Aim: The aim of the present study was to investigate the association between the length of the treatment period and the cumulative dose of pegylated interferon alpha-2b (peg-IFN alpha-2b) plus ribavirin (RBV) and their effectiveness in the treatment of chronic hepatitis C.
Methods: Seven hundred and fifteen patients received peg-IFN alpha-2b plus RBV treatment for 48 weeks and 24 weeks for genotypes 1 (n = 586) and 2 (n = 129), respectively.
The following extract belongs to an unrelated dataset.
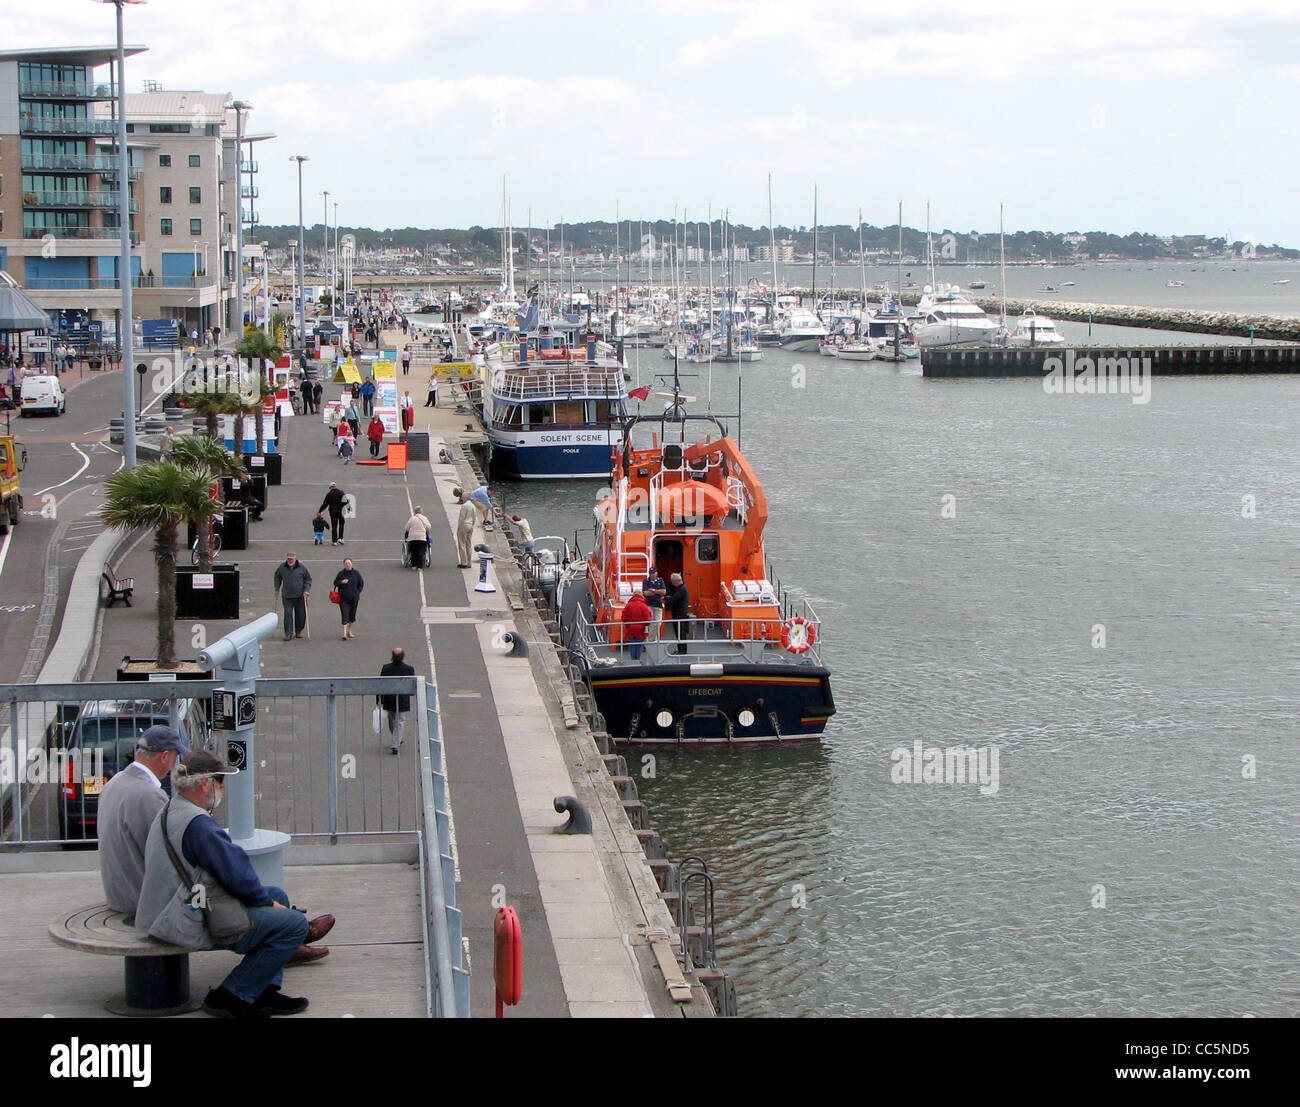 The Quay at Poole, Dorset, England. The orange boat is a Severn class lifeboat (registration 17-31) on trials after refurbishmen Stock Photo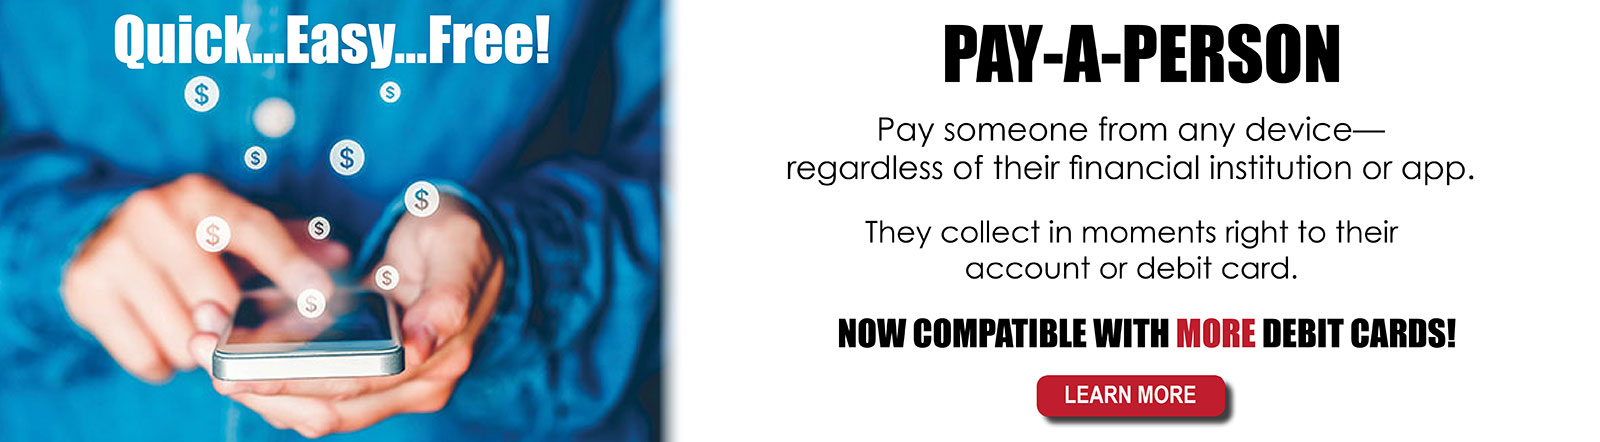 Pay-A-Person, the free payment app, is now compatible with more debit cards.

Results: Sustained virological responses (SVR), defined as serum hepatitis C virus (HCV)-RNA undetectable at 24 weeks after the end of treatment, were 42.4% and 74.4% in genotypes 1 and 2, respectively, on an intention-to-treat analysis. SVR significantly increased with treatment length (4.7%, 36.4%, and 51.8% for < 24 weeks, 24-47 weeks, and 48 weeks, respectively, for genotype 1; and 28.6%, 57.1%, 78.3% for < 12 weeks, 12-23 weeks, and 24 weeks, respectively, for genotype 2). SVR significantly increased with total cumulative treatment dose (21.1%, 36.5%, and 52.9% with < 60%, 60-79%, and >or= 80% in peg-IFN dose; 29.6%, 51.1%, and 59.2% with < 60%, 60-79%, and >or= 80% in RBV dose) in genotype 1, although it did not differ significantly for genotype 2.
Conclusions: In peg-IFN alpha-2b plus RBV treatment for chronic hepatitis C, it is important to complete the target length of treatment and to continue the target dosage to achieve SVR, especially for genotype 1 patients.